On the domestic front, which represents over half of the portfolio's end markets, we are still more balanced than perhaps the headlines would suggest. Inflation is running high, leading to falling real wages and likely placing downward pressure on discretionary consumption. However the consumer is at least in a strong starting position - with up to £250 billion in 'excess savings' accumulated through the pandemic and both the labour and housing markets are strong, while businesses remain reasonably optimistic. These positive factors could at least dampen some of the inflationary challenges, so we would not wish to write off the consumer prematurely and will remain focused on the data.

For more international exposure, an area of great importance to the portfolio is industrial activity and again demand remains healthy, with growth being curtailed by supply chain challenges that may dissipate in time. An increase in raw material and energy prices will pose many challenges, but focusing on resilient and profitable businesses should put the portfolio in a position of relative strength.

Despite a number of uncertainties that will forever linger and which could always impact the short-term performance of the portfolio, we maintain a positive outlook as expressed by the portfolio's current 10.6% gearing level. Portfolio companies are for the most part either continuing to perform strongly or still recovering from the pandemic, and following the recent sharp sell-off valuations are increasingly compelling. Furthermore, we continue to find a healthy number of attractive investment opportunities to consider for inclusion in the portfolio.

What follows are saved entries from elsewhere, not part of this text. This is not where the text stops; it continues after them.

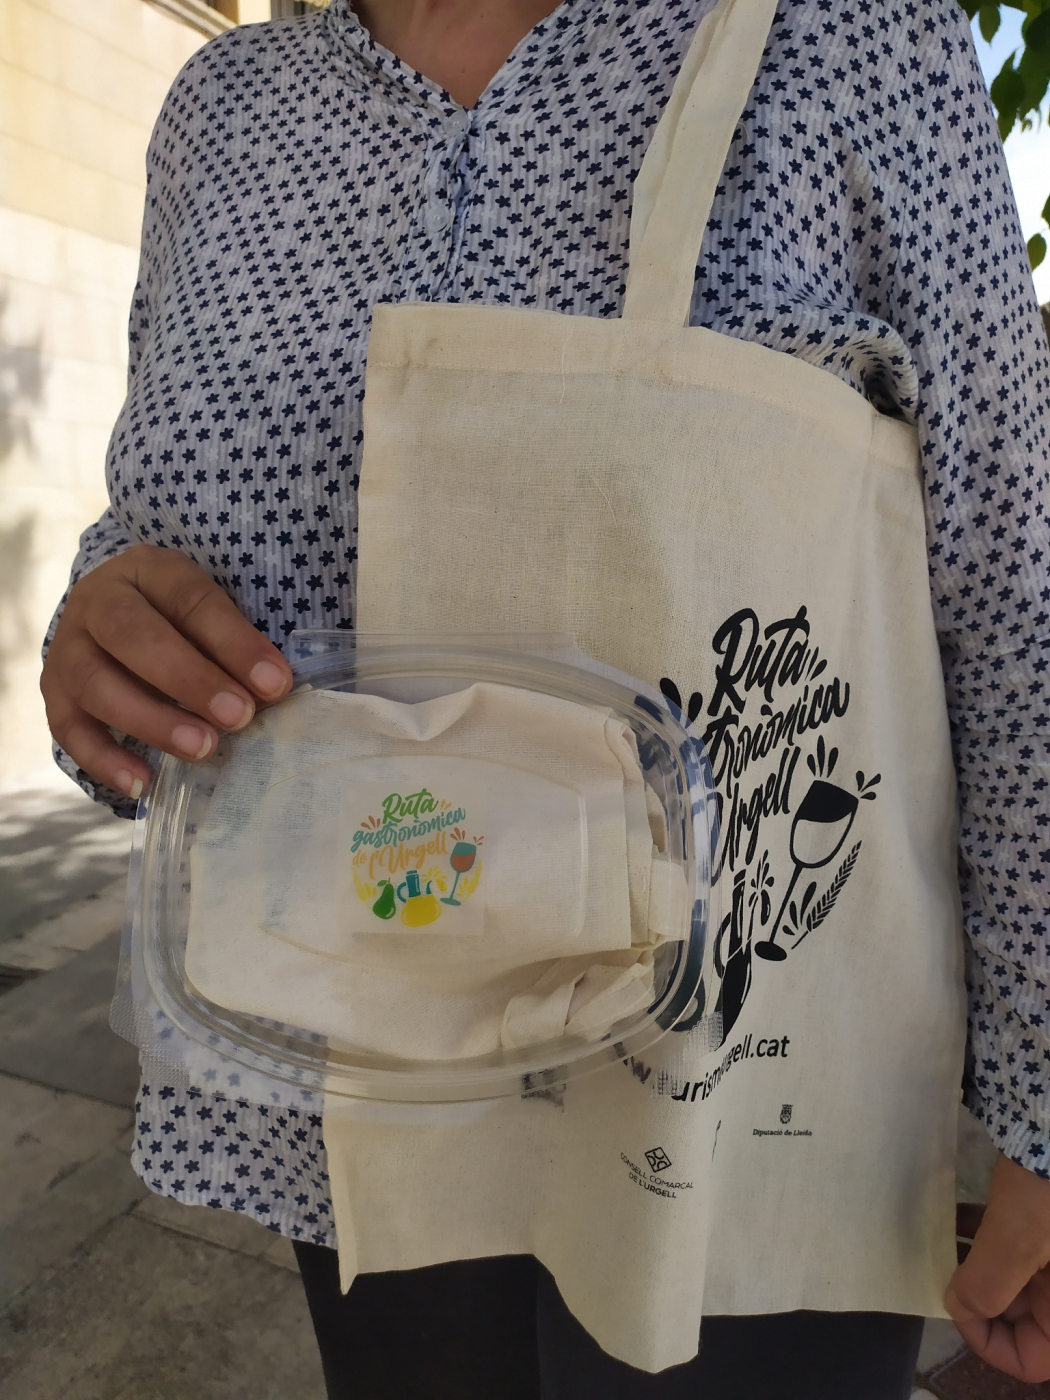 Turisme Urgell dissenya bosses i carmanyoles biodegradables
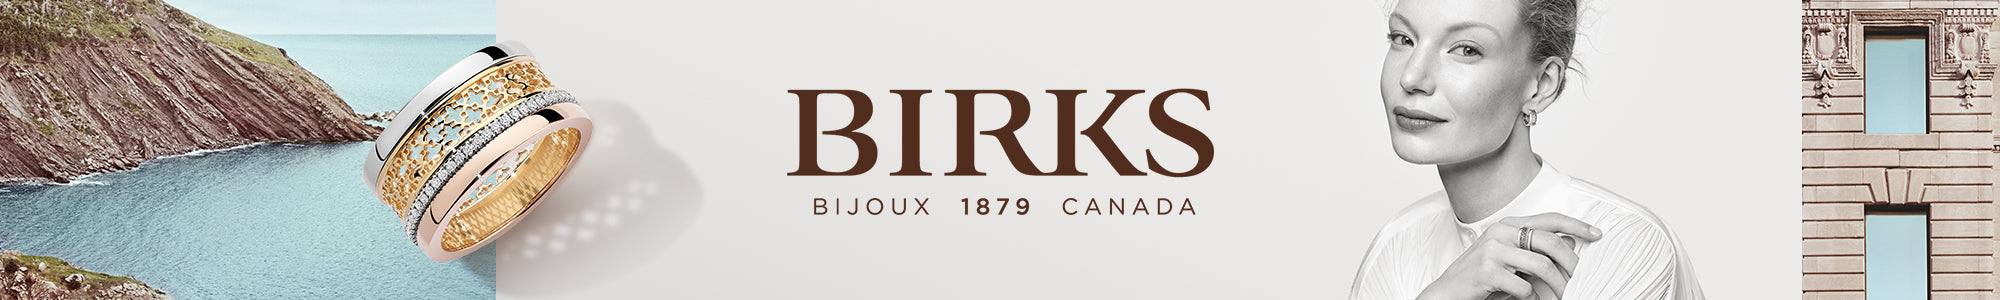 BIJOUX BIRKS Products
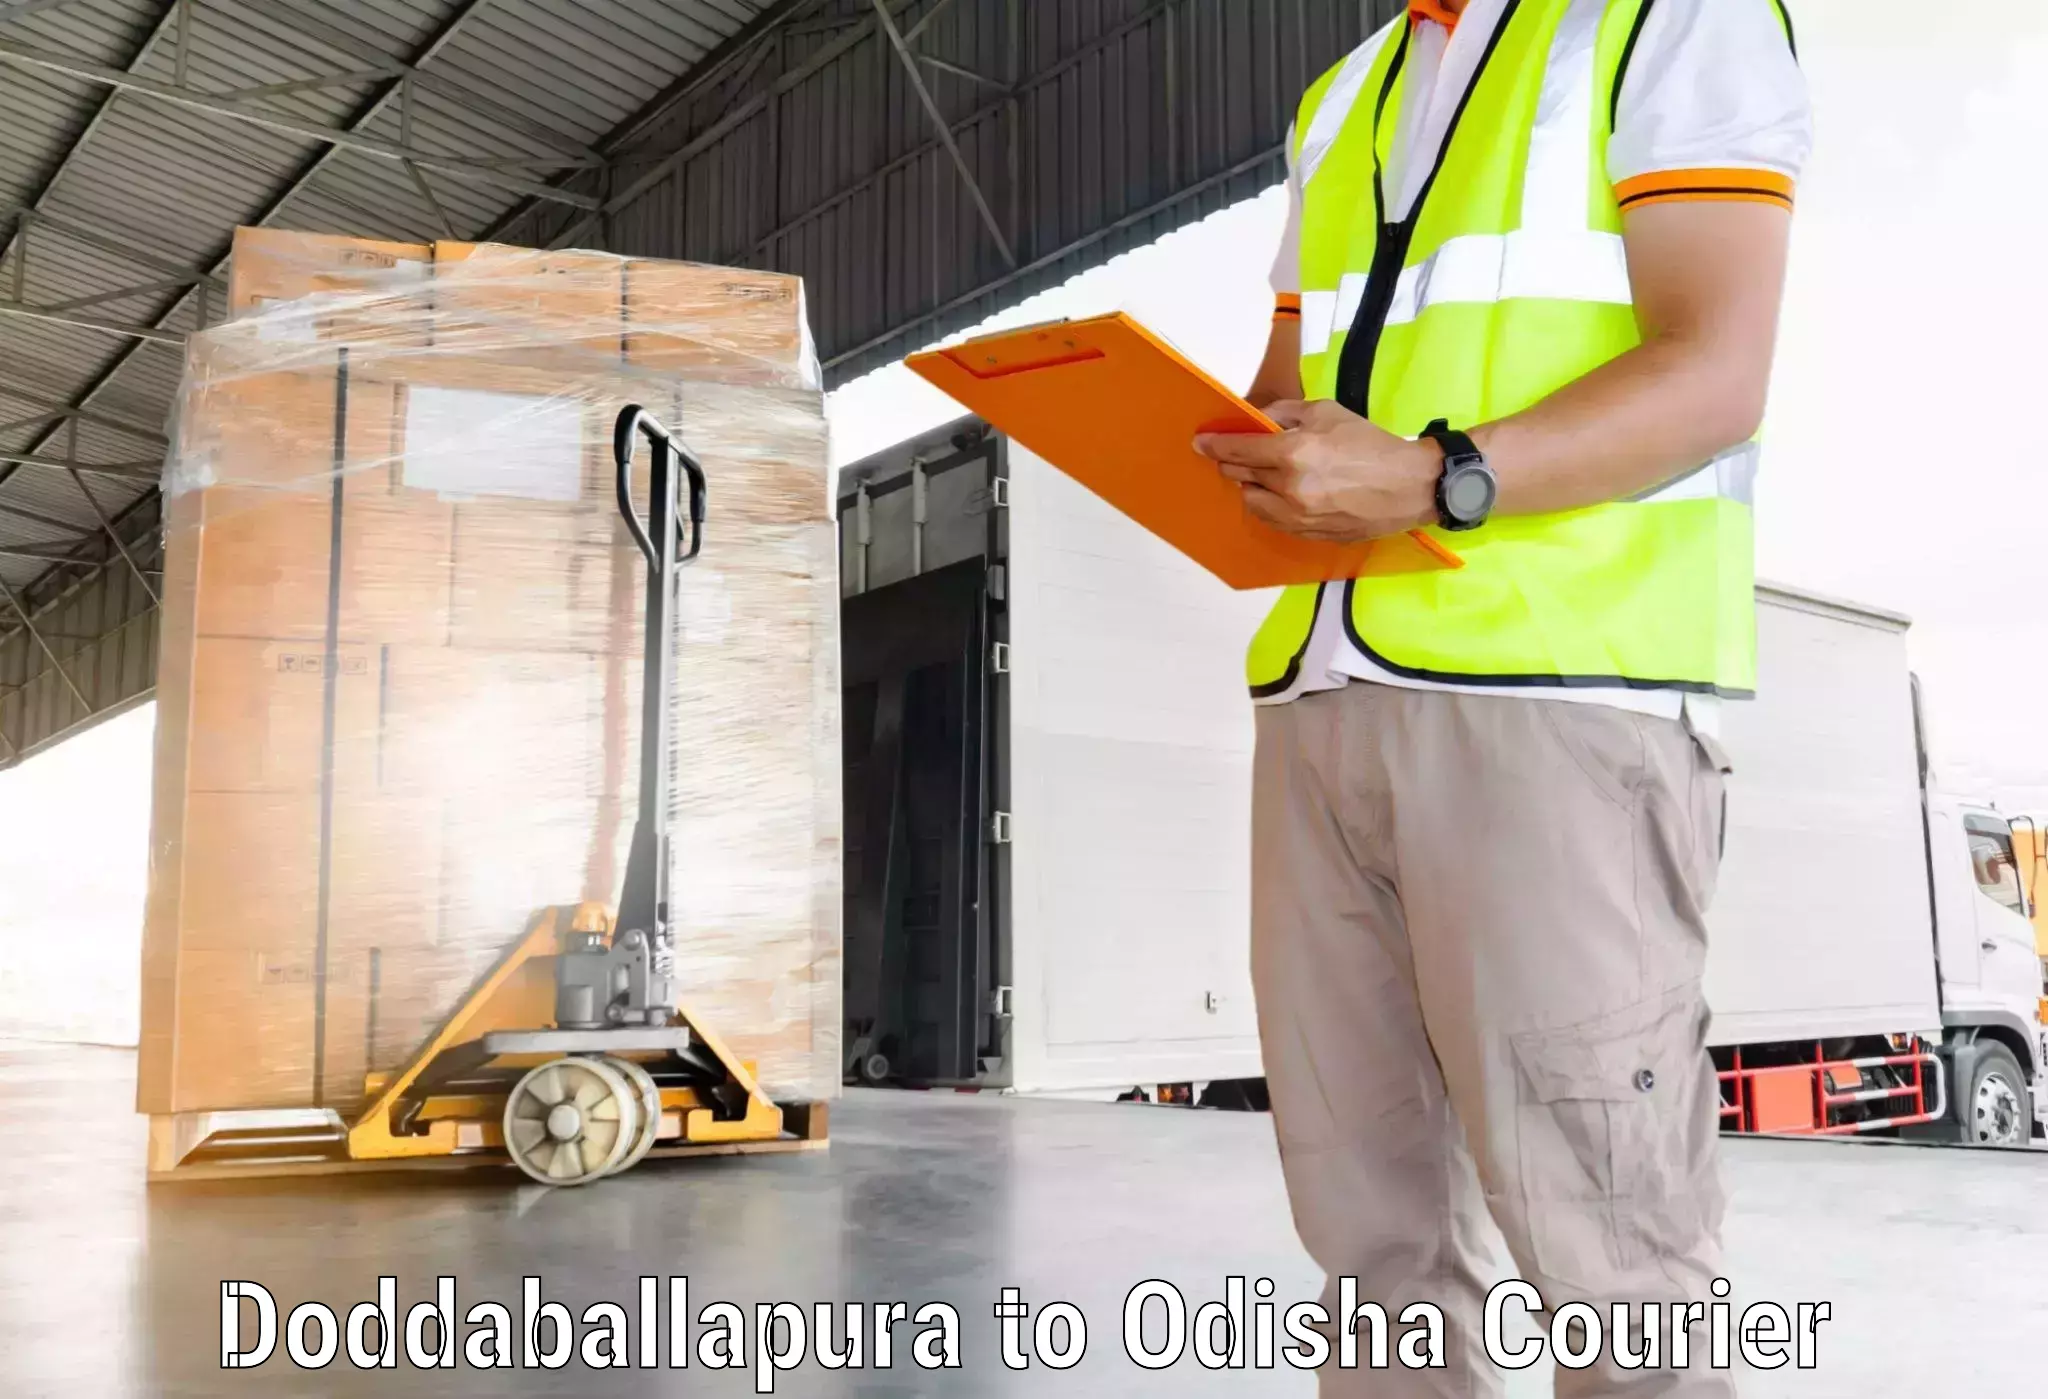 Flexible delivery schedules Doddaballapura to Kotapad

We focus on investing in high quality, structurally robust businesses that operate in growing end markets with the ability to invest capital at high returns and which can also adapt to the changing environments in which they operate. While the pandemic, the subsequent economic rebound and now the war in Ukraine may result in changes across multiple areas of society, we believe that many of our holdings will still thrive and have the potential to become tomorrow's market leaders.

 

Guy Anderson

Anthony Lynch

Investment Managers    

5th April 2022  

 

PRINCIPAL AND EMERGING RISKS

The Directors confirm that they have carried out a robust assessment of the principal risks facing the Company, including those that would threaten its business model, future performance, solvency or liquidity. With the assistance of JPMF, the Audit Committee has drawn up a risk matrix, which identifies the key risks to the Company. These are reviewed and noted by the Board. The risks identified and the broad categories in which they fall, and the ways in which they are managed or mitigated are summarised below. The AIC Code of Corporate Governance requires the Audit Committee to put in place procedures to identify emerging risks. The key emerging risks identified are also summarised below.

Principal Risk

Description

Mitigating Activities

Investment Management and Performance

 

 

Underperformance

Poor implementation of the investment strategy, for example as to thematic exposure, sector allocation, stock selection, undue concentration of holdings, factor risk exposure or the degree of total portfolio risk, may lead to underperformance against the Company's benchmark index and peer companies.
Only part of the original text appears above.